:: Excerpted records ::
==========
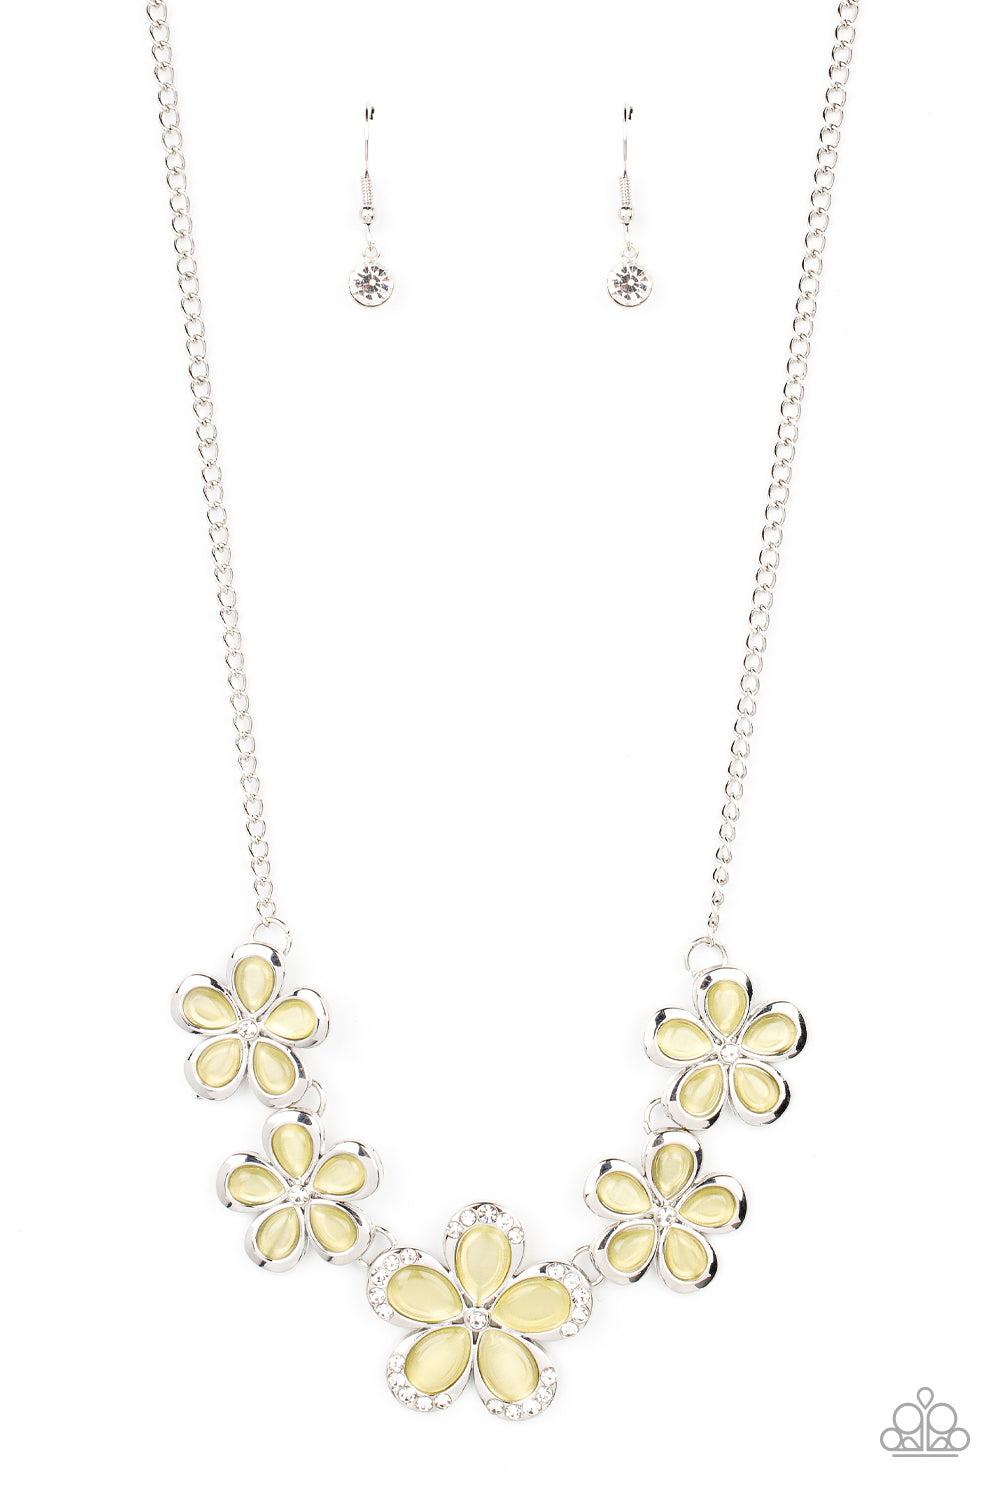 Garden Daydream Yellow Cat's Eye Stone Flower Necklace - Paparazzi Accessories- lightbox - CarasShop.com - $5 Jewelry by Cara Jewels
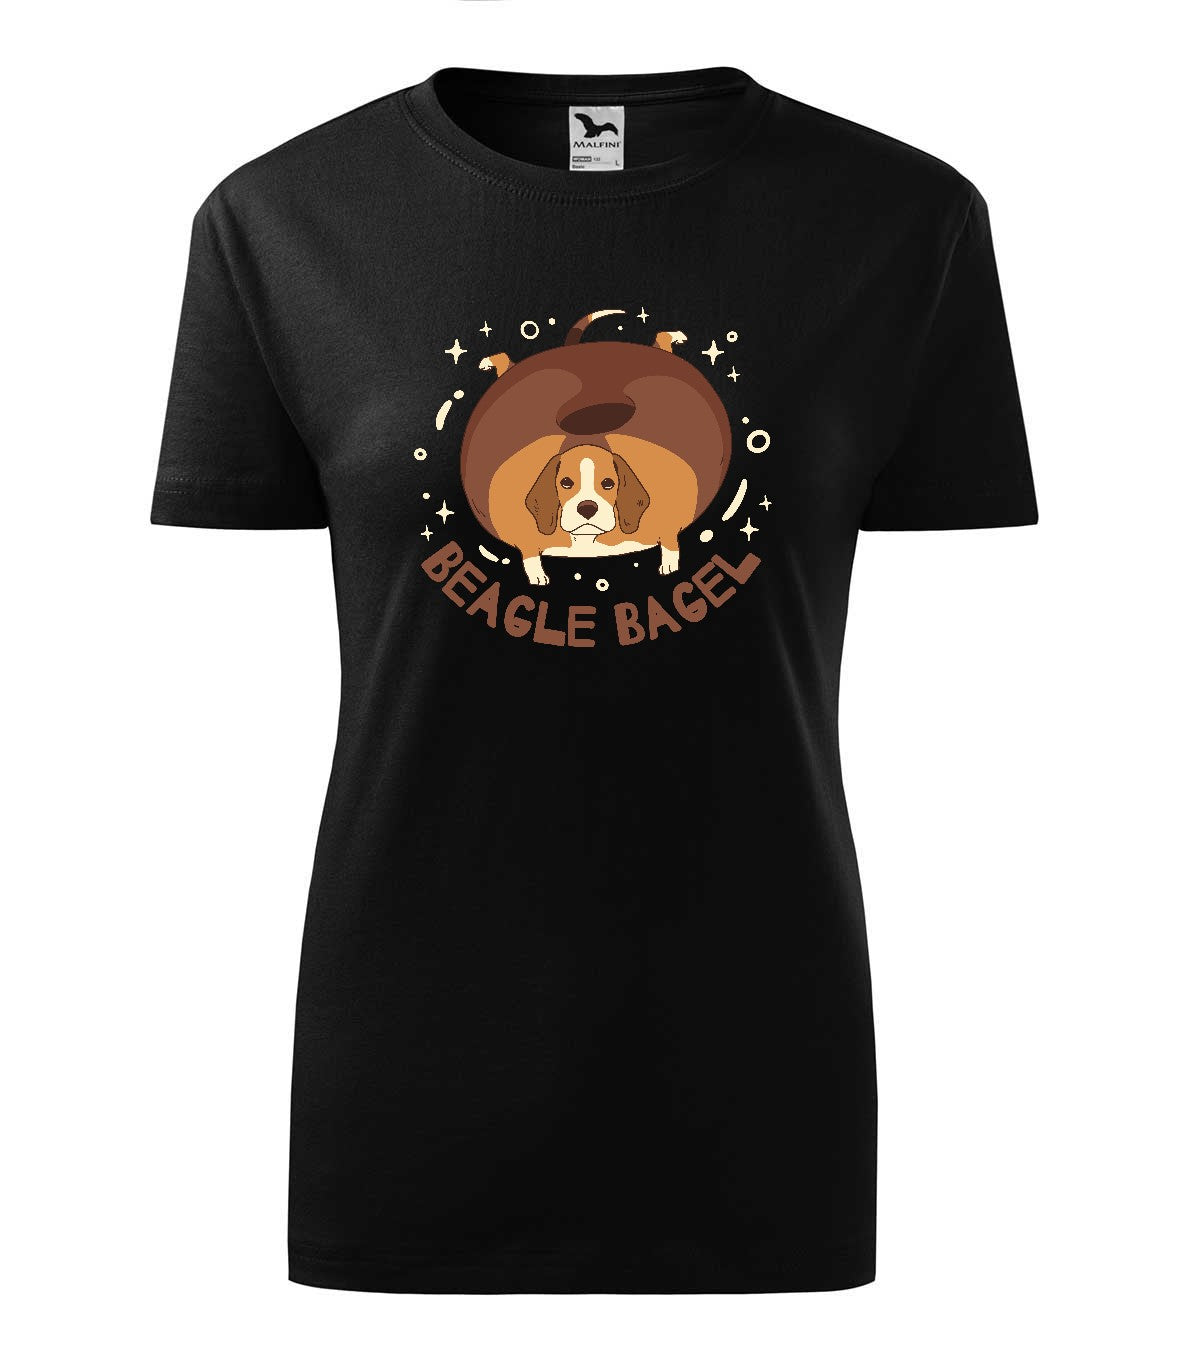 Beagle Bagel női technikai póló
==========
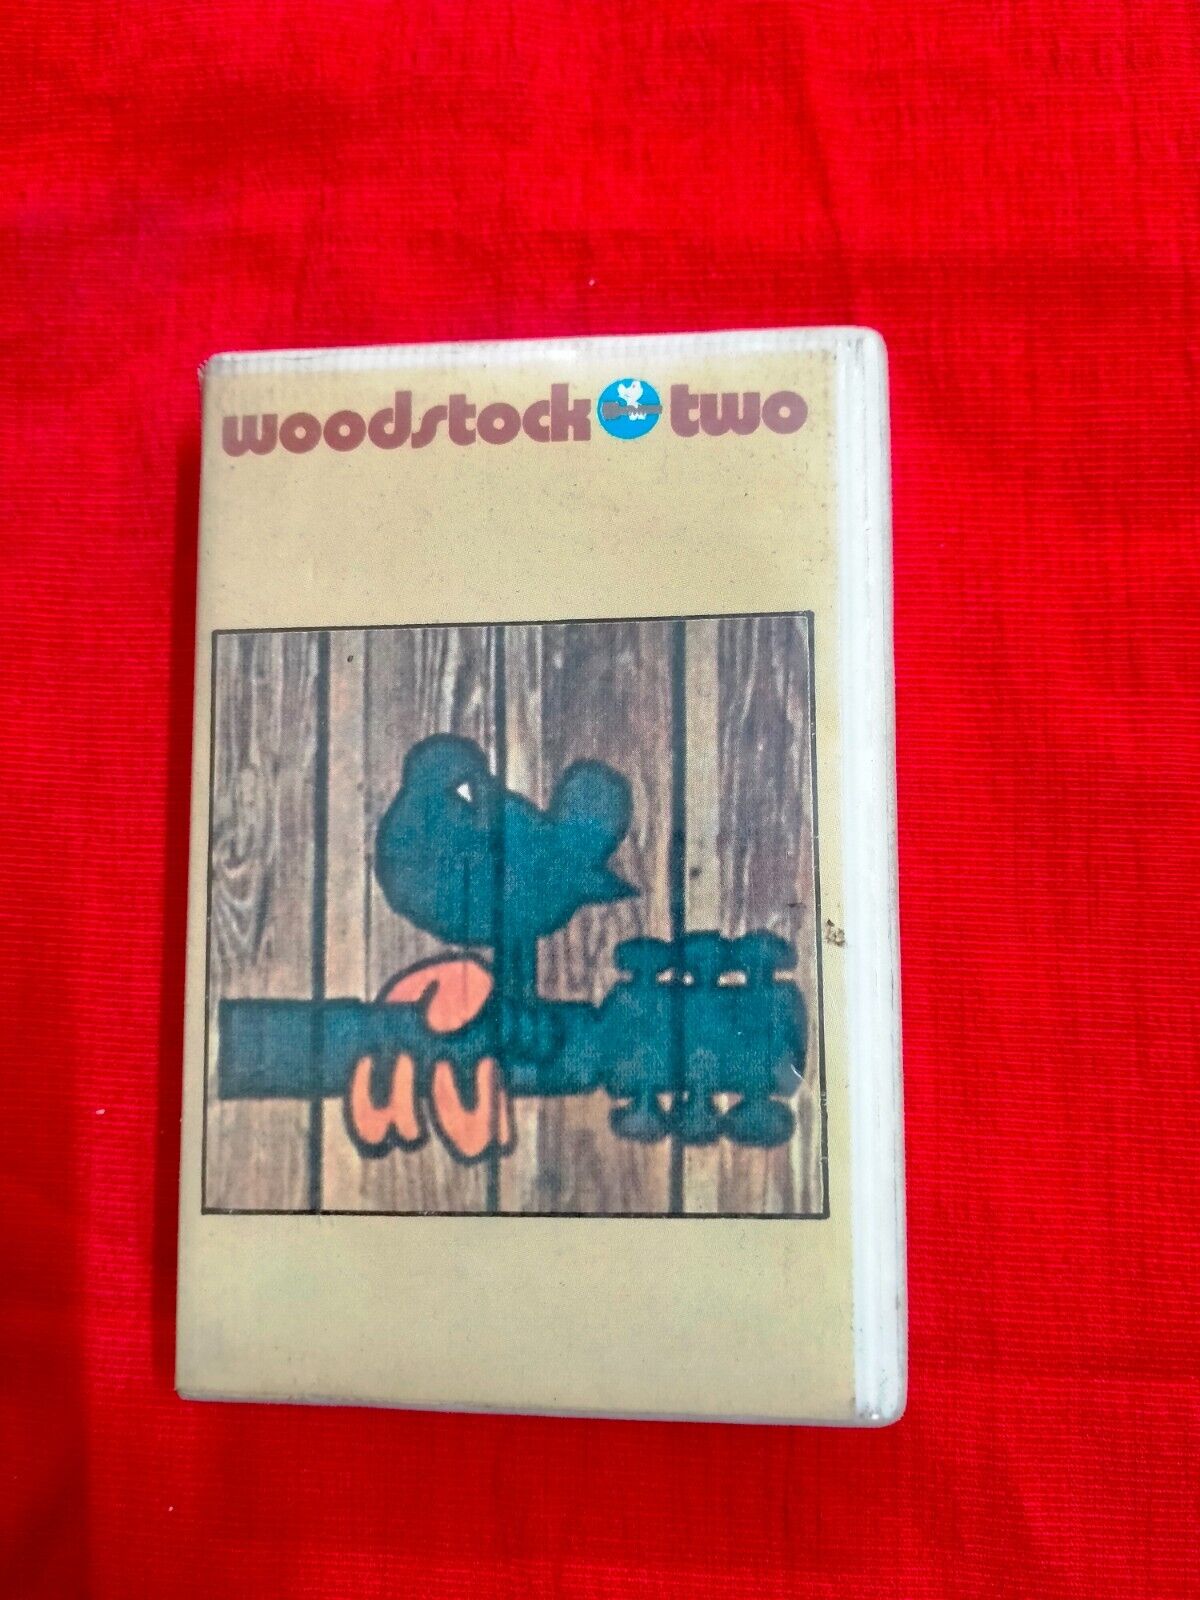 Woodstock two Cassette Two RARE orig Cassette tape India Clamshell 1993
==========
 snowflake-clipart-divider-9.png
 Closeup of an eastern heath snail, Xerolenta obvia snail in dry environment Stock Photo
==========
:: Work request ::
The data above holds the lines to copy: start at the one with "Garden Daydream Yellow", stop at the one with "Beagle Bagel női technikai póló", include both, copy them exactly without pictures, and copy nothing else.

:: Written answer ::
 Garden Daydream Yellow Cat's Eye Stone Flower Necklace - Paparazzi Accessories- lightbox - CarasShop.com - $5 Jewelry by Cara Jewels
 Beagle Bagel női technikai póló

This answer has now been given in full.